Reed thought he was ready. Although he graduated from a high school in Metairie, La., he spent his sophomore year at Bloomington (Ind.) South High and looked at Knight with the requisite reverence. It was Reed's dream to play for Knight, and while he knew it wasn't going to be all smiles and slaps on the back, he still considered himself the ideal Hoosier: a scrappy, hardworking, basketball-savvy coach's kid. Indiana was the only place for him. "As a kid, you look at Indiana and say, Wow, I want to play there," says Reed. "But then you get here and find out what it's really like. It wears you down and eats you up. I don't care what anyone says: There isn't anyone on that team who doesn't dread going to the gym to face him every day."
It's like this, says Reed. The coach told him to leave, he left. Happens every day in college basketball. Happens a lot at Indiana, in fact. Since 1972 Knight has had 35 players leave the program before their eligibility expired, which Indiana says is only slightly above average for a Big Ten team. But in the last five years alone, eight of Knight's 18 recruits have left early or been kicked out.
Reed, however, refused to go quietly. "I know a lot of people are saying I was a bad kid, that I didn't hold up my end of the deal, but that just isn't true," says Reed. "I think the school should hold up its end of the deal because there is a problem there. And they should look into it."
Reed had hoped to finish this semester at Indiana and then transfer, but when he returned to campus after spring break, he found he was a pariah. The Indiana Daily Student ran a Page One headline that read, REED VOTED OFF BASKETBALL TEAM. Reed laughs at that one. Vote? Libya has freer elections than the Indiana basketball program, he says. In the days after his resignation, Reed says, he received 50 letters and 158 E-mail messages, many of them supportive. He said he heard from former players who applauded his stand, although he would not reveal their names. Others jumped to Knight's defense and insisted Reed was a problem child who set a poor example for the younger players. Said redshirt freshman Larry Richardson, "I've seen Coach Knight draw up plays and Neil go out on the court and do just the opposite."
"From what I've gathered from some of my buddies on the team, Neil had some problems and talked about leaving the team during the season," says Evans. "That can be such a negative thing to the young guys who are looking at him. I think highly of Neil in a way; he's a nice kid and I thought he was a pretty solid player. But when it comes to executing what Coach wanted done on a regular basis, Neil was not getting it done. I would just say that Neil was not cut out to play for Coach Knight. Some people are, some people aren't. Neil just wasn't one of them."
Apparently it took Knight a while to realize just how unfit Reed was for his system. In his last two seasons at Indiana, Reed was second among the Hoosiers in minutes played and was often on the floor at crunch time. "If I was as bad as some people say," says Reed, "then Coach must have been playing the wrong guy."

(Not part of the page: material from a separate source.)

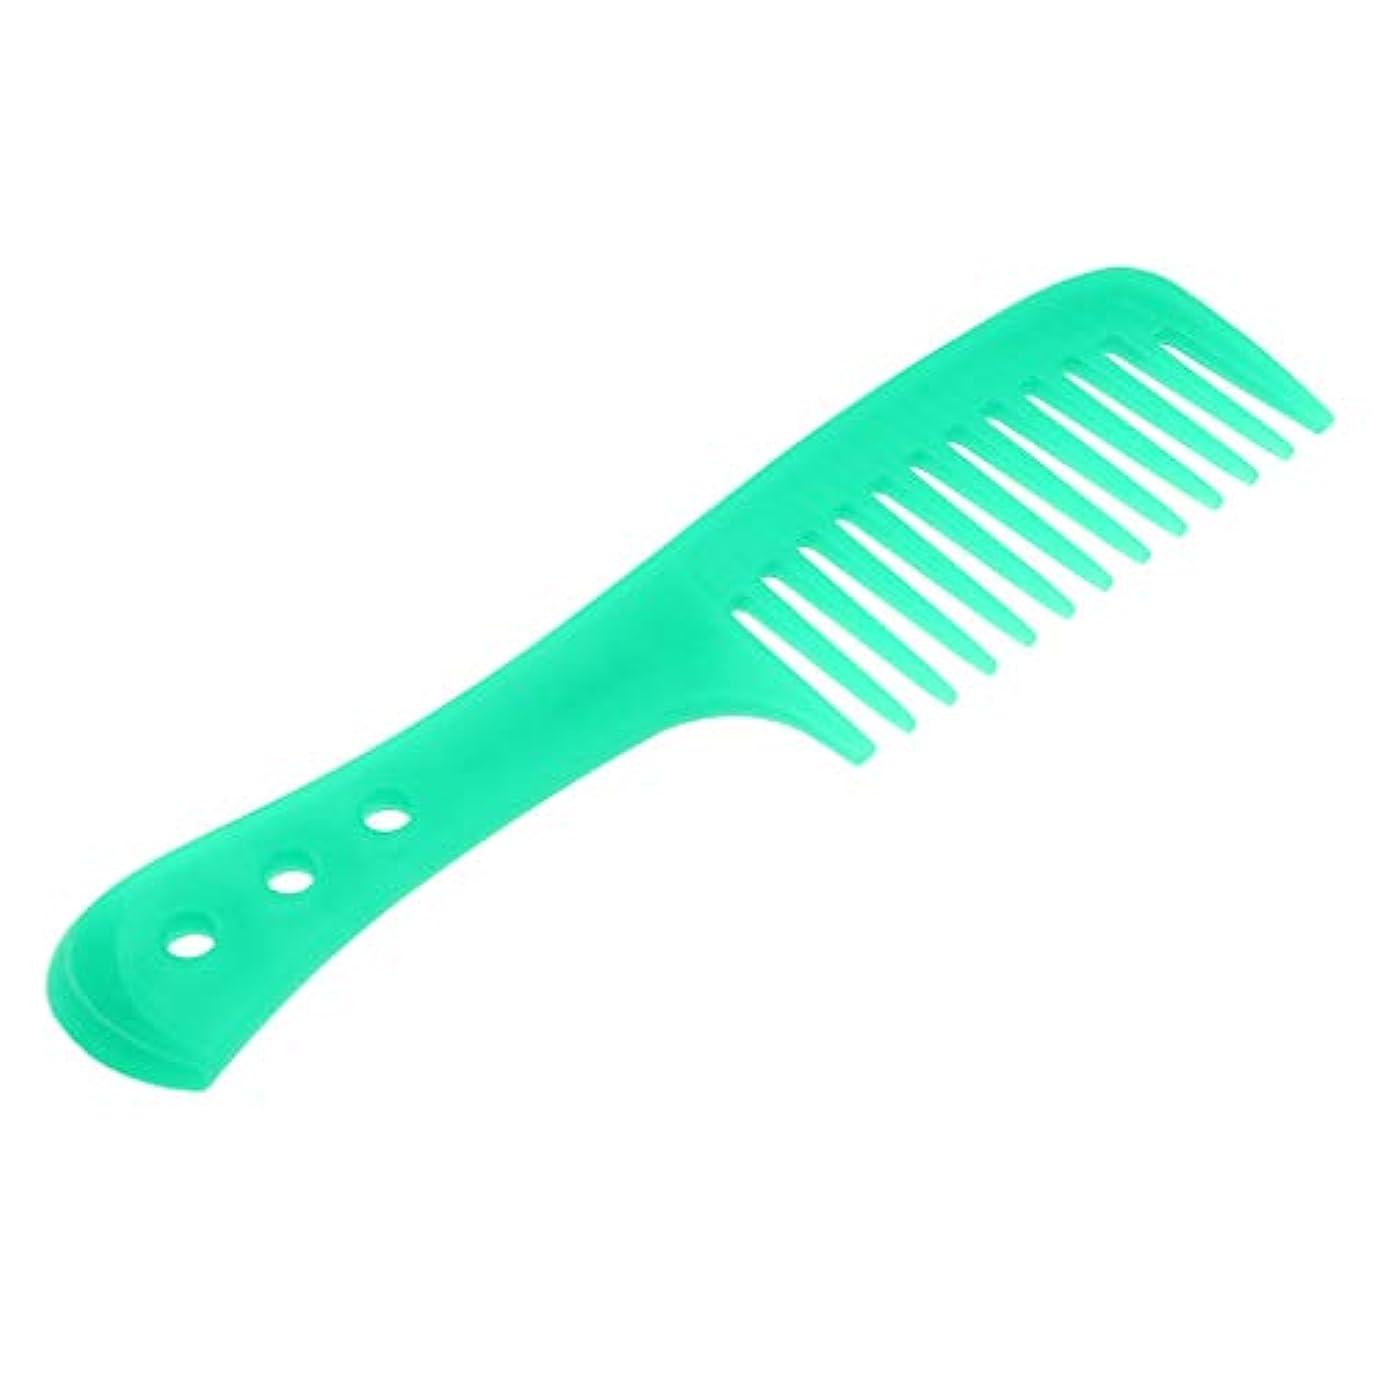 ダブルコンベンション結紮Injoyo 携帯用理髪の広い歯の櫛の巻き毛のDetanglerの頭皮のマッサージャーのブラシ - 緑
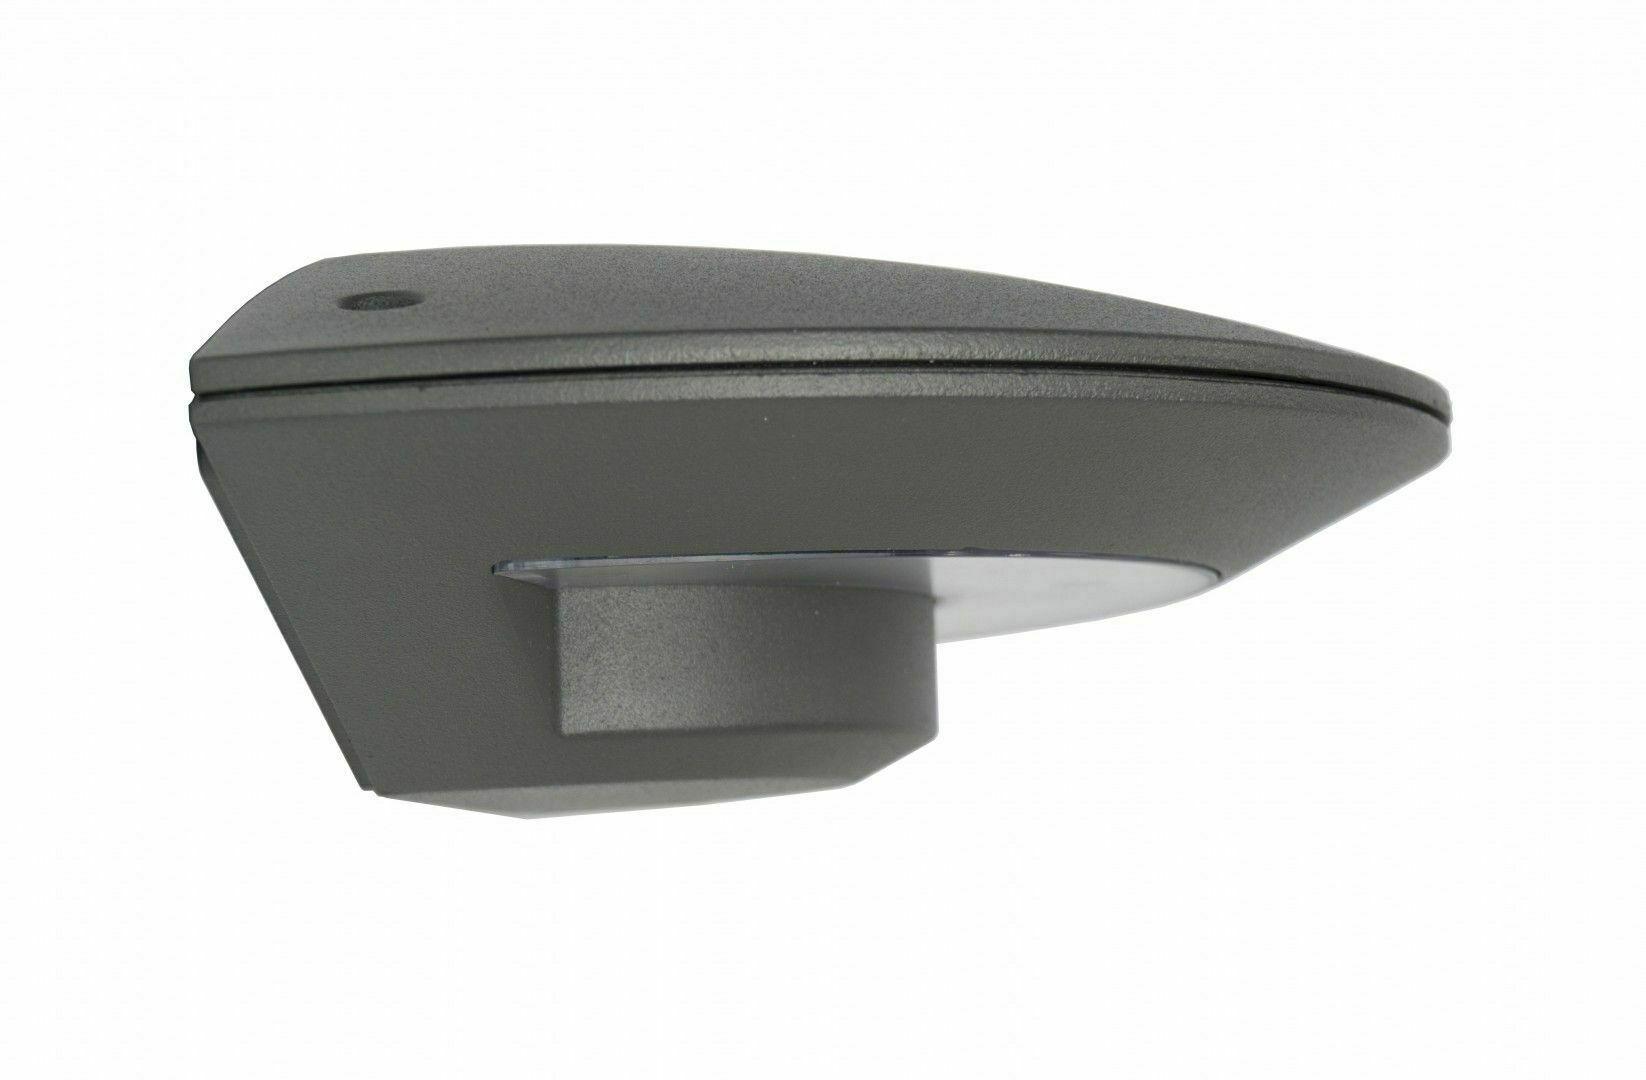 Kinkiet zewnętrzny LEDowy UFO 91303-LED

Lawrence Funderburke, a heralded Indiana recruit out of Columbus, Ohio, lasted one semester in Bloomington at the start of the 1989-90 season. Now playing professionally in France on the same team as Bailey, Funderburke has no trouble believing Reed's story because, he says, he lived through the same thing seven years ago. "My situation was almost identical to Neil Reed's: constant criticism and heckling, though no physical abuse," says Funderburke, who transferred to Ohio State and then had to sit out two seasons because Knight refused to release him from his letter of intent. "When I left, I was amazed people blamed me instead of Bobby Knight."
Reed isn't sure how many phone calls of support he received at his Bloomington residence because, he says, "the answering machine was in Andrae's room." Andrae Patterson was Reed's housemate and friend until Reed left the team. Patterson, also a junior, was encouraged to transfer by Knight at the same time Reed was, but he chose to stay. The other junior at that meeting, Mandeville, also decided to stick around despite Knight's threat to not play him next year.
"I have a hard time blaming the players, but I can't respect them either," says Reed. "I've been in that situation before. We've had other guys transfer, so I know what's usually said about people who leave. Knight makes it clear what he wants you to say about them, and the guys are like, Oh, wow. Coach is talking to me like a normal person. I better do what he says. Believe me, his players don't say anything that are thoughts of their own."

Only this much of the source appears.